In Euclidean plane geometry, tangent lines to circles form the subject of numerous theorems, and perform an important role in several geometrical constructions and proofs. Since, tangent to a circle at a point P is perpendicular to the radius to that point; theorems including tangent lines often include radial lines and orthogonal circles.

**Tangent lines to one circle:**

A tangent line t to a circle C intersects the circle at a particular point T. For assessment, secant lines intersect a circle at two points, while another line may not intersect a circle at all. This property of tangent lines is conserved under many geometrical transformations, such as scaling, rotation, translations, inversions and map projections. If we say in technical terms, these transformations do not change the incidence structure of the tangent line and circle, although the line and circle may be malformed.

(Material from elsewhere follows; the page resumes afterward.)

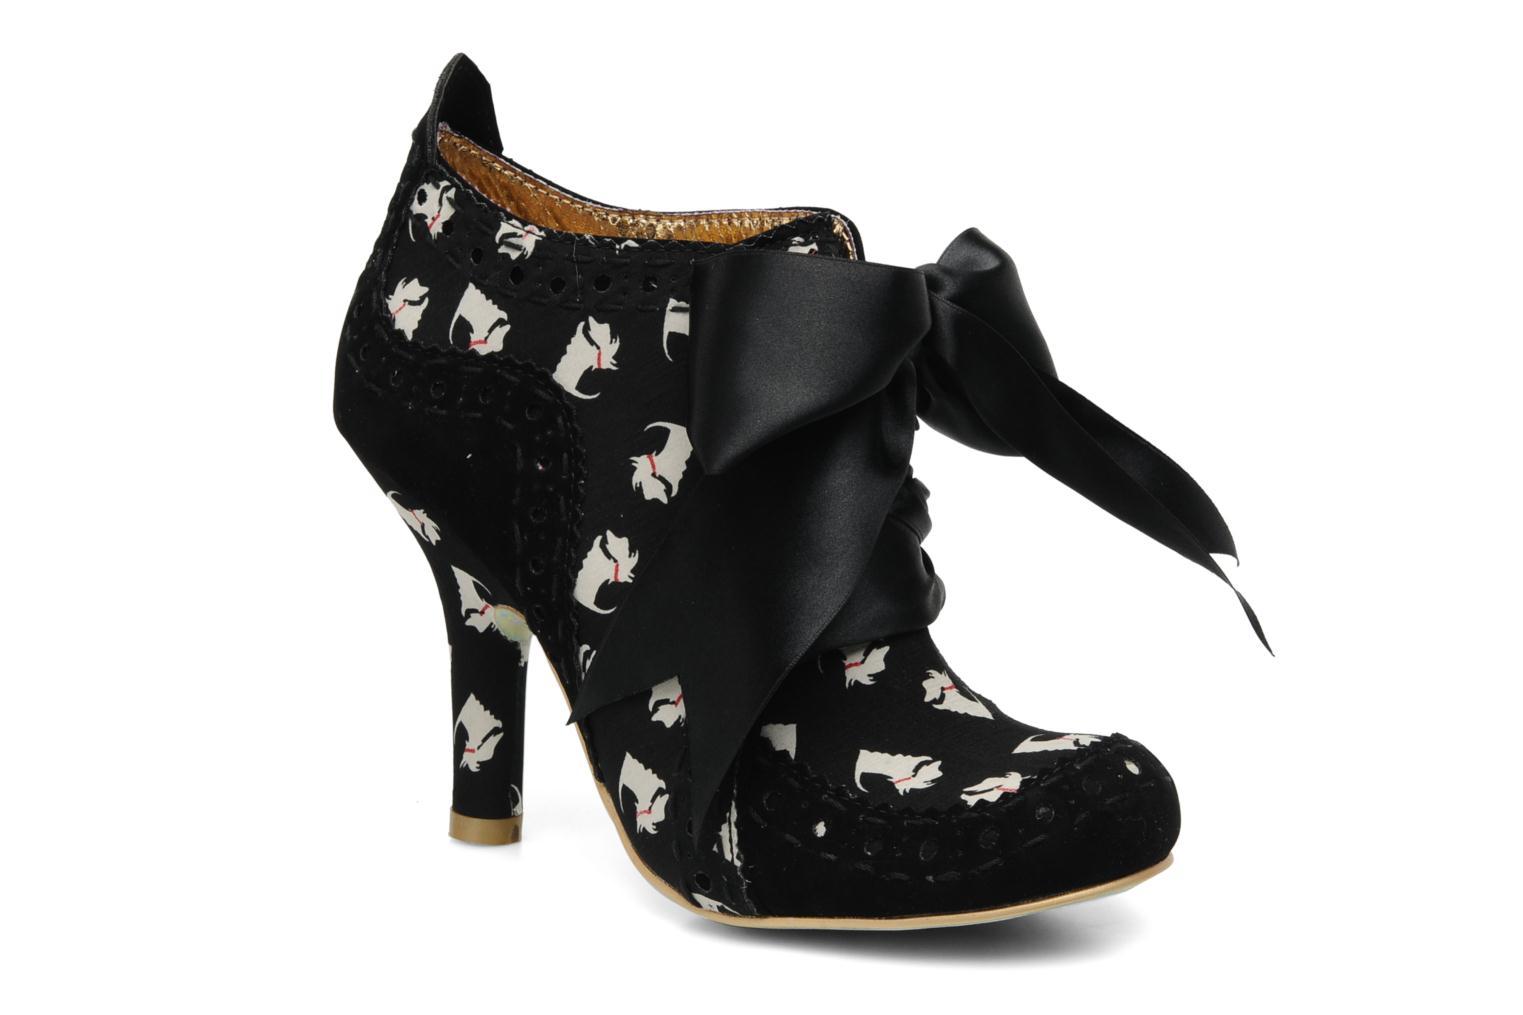 Foto Boots y Botines Irregular Choice Abigails party Mujer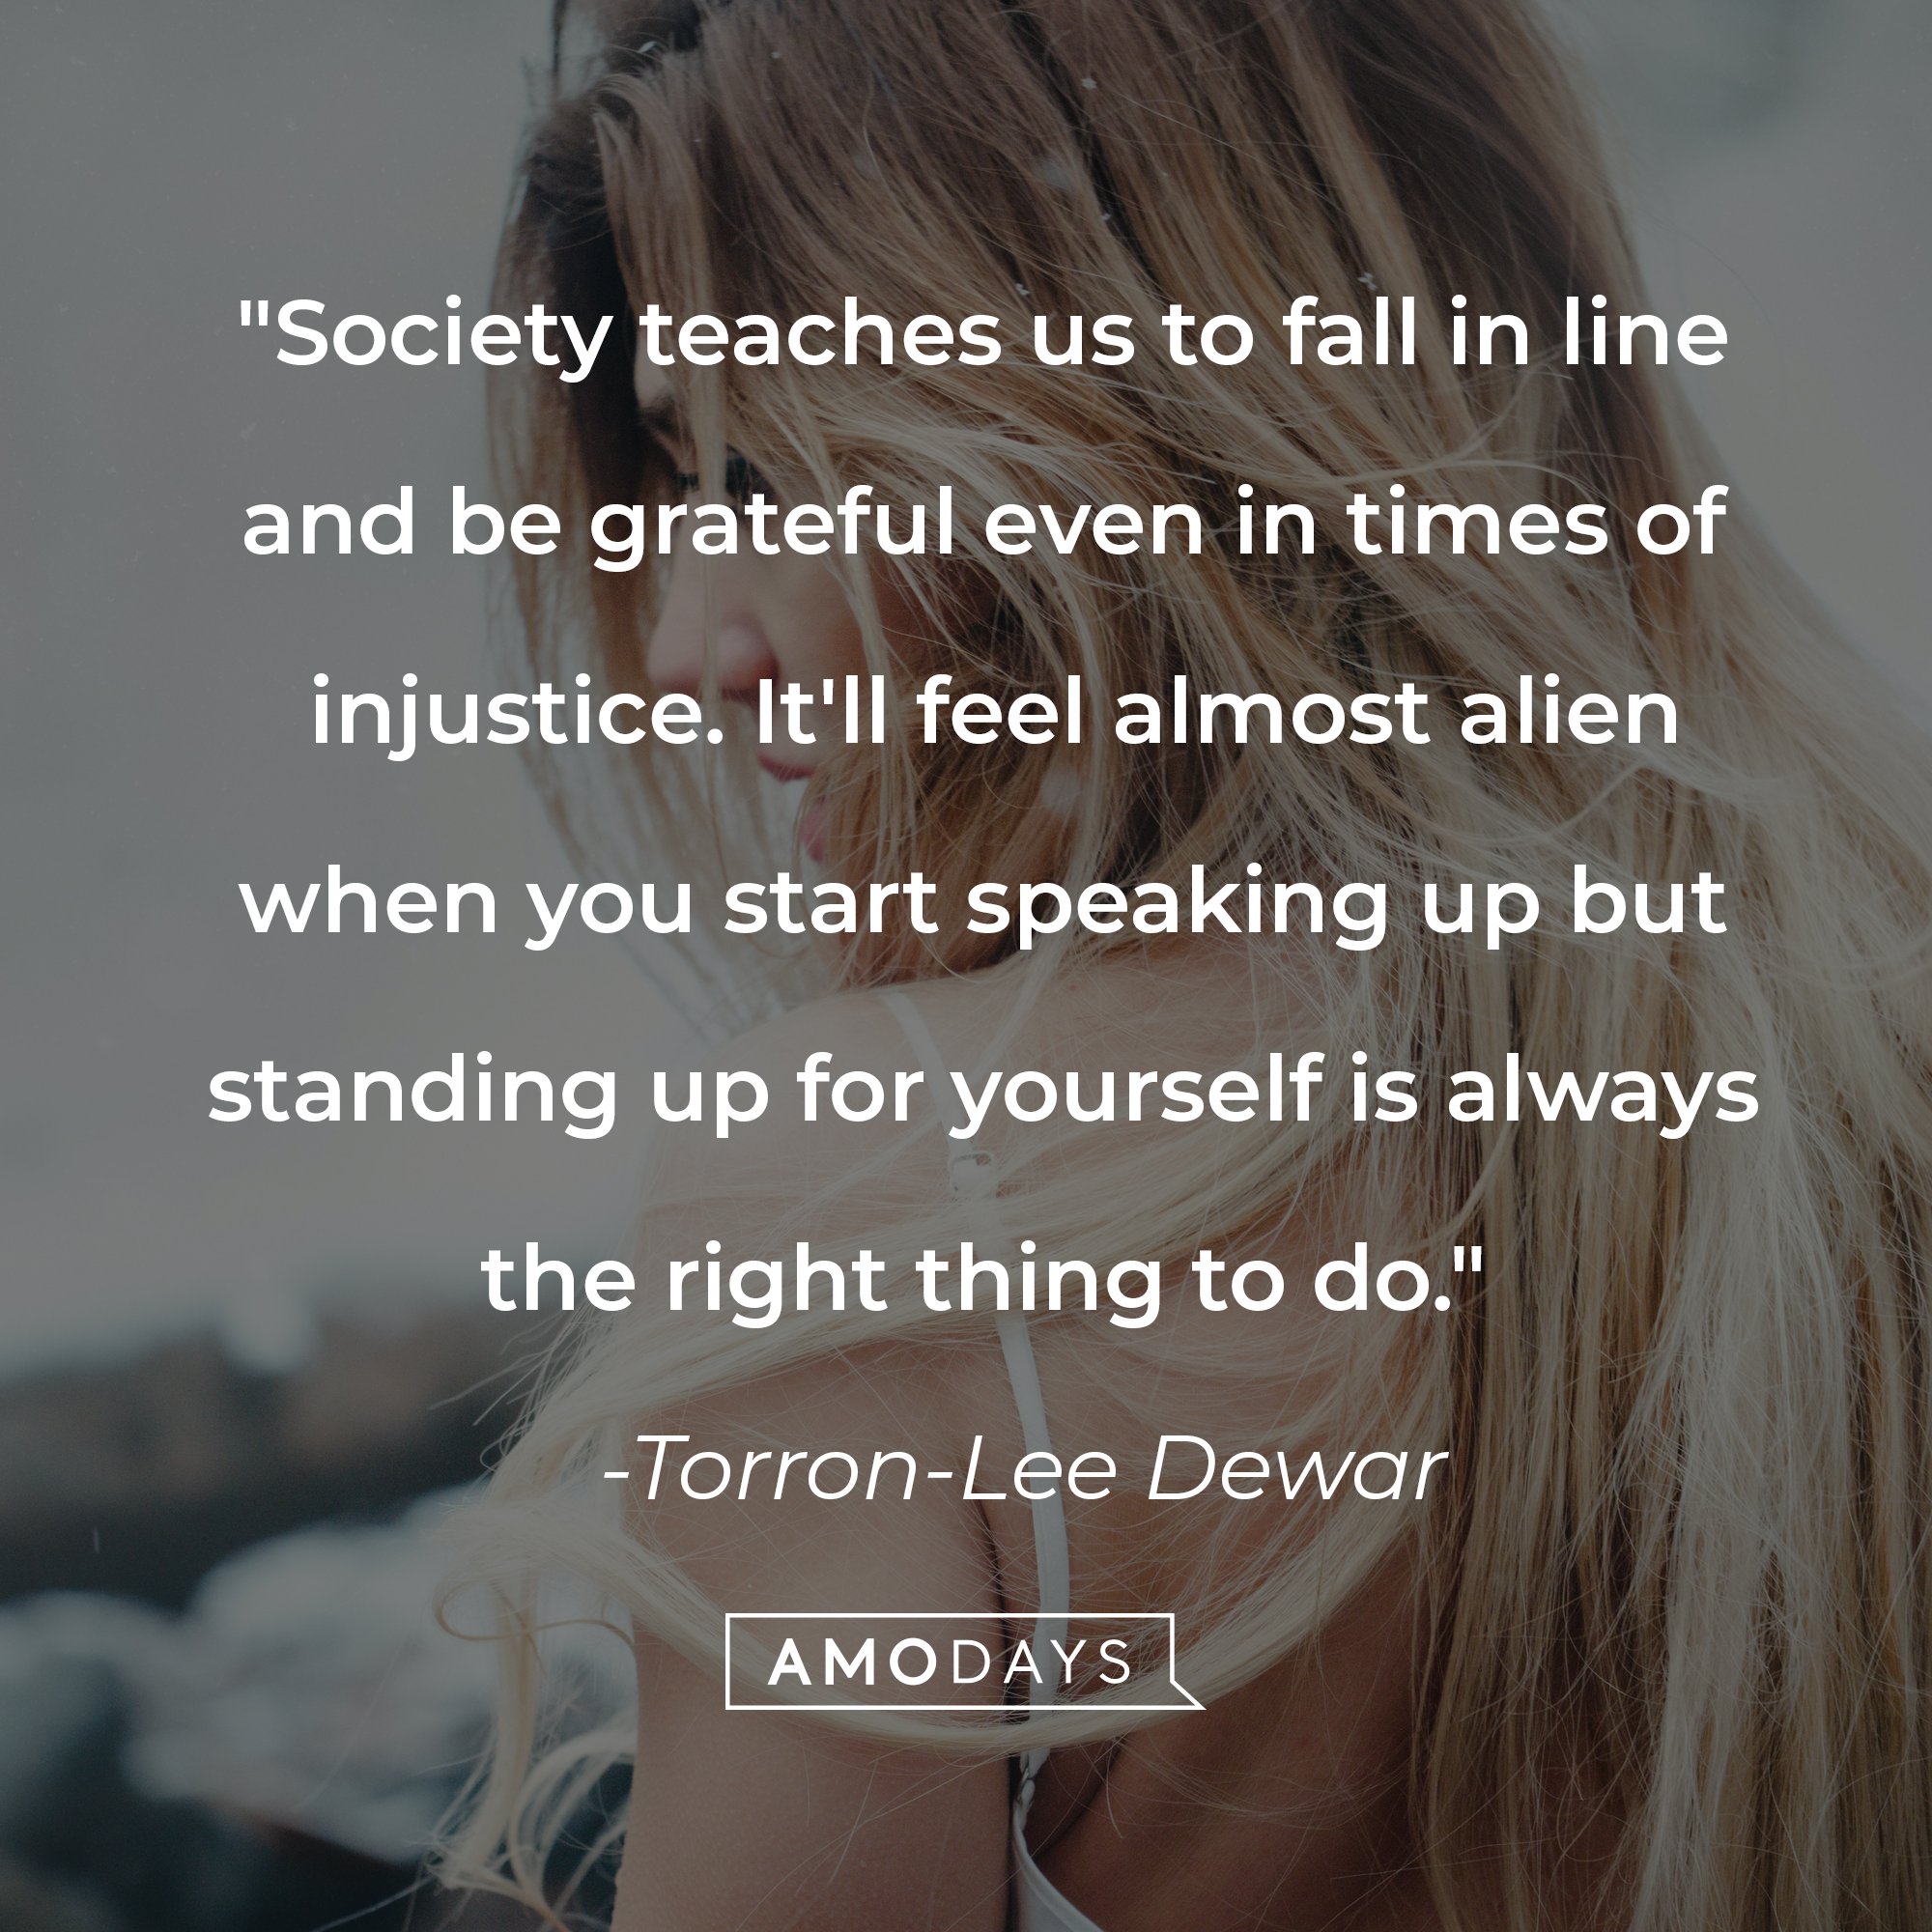 Torron-Lee Dewar's quote: "Society teaches us to fall in line and be grateful even in times of injustice. It'll feel almost alien when you start speaking up but standing up for yourself is always the right thing to do." | Image: AmoDays

**Tangent lines to two circles:**

For two circles, there are generally four bitangent lines that are tangent to both. For both of them, the external tangent lines, the circles fall on the similar side of the line; for the others, the internal tangent lines, the circles fall on contradictory sides of the line. The external tangent lines traverse in the external homothetic center, while the internal tangent lines traverse at the internal homothetic center. The internal homothetic center constantly lies on the line joining the centers of the two circles, in the segment among both circles. The exterior center lies on the identical line and is nearer to the center of the smaller than to the center of the larger. If both of the circles have identical radius, the external tangent lines are parallel and - at least in inversive geometry - the external homothetic center, slander at infinity.

** Belt problem**

The internal and external tangent lines are useful in solving the belt problem that calculates the length of a belt or rope needed to fit snugly over two pulleys. If the belt is measured to be a mathematical line of insignificant thickness and if both pulleys are supposed to lie in exactly the similar plane, the problem transfers to summing the lengths of the relevant tangent line segments with the lengths of circular arcs subtended by the belt. If the belt is draped about the wheels so as to cross, the interior tangent line segments are related. On the other hand, if the belt is draped exteriorly across the pulleys, the exterior tangent line segments are related; this case is sometimes called the pulley problem.

**Illustration**

Generally the points of tangency t1 and t2 for the four lines tangent to two circles with centers x1 and x2 and radii r1 and r2 are given by solving the simultaneous equations:

**Outer tangent**

The red line joining the points (x3, y3) and (x4, y4) is the outer tangent among the two circles. Specified points (x1,y1), (x2,y2) the points (x3,y3), (x4,y4) can easily be calculated by equating the angle theta and adding the x, y-coordinates of the triangle(theta) to the original coordinates (x1,y1) as shown in the figure.

**Inner tangent**

An inner tangent is a tangent that intersects the segment joining two centers of the circles. This should be noted that the inner tangent will not be defined for cases when the two circles overlap.

**Monge's theorem**

Monge's theorem is named after Gaspard Monge in geometry which states that for any three circles in a plane, no one of which is inside one of the others, the three intersection points of the three pairs of external tangent lines are in fact collinear.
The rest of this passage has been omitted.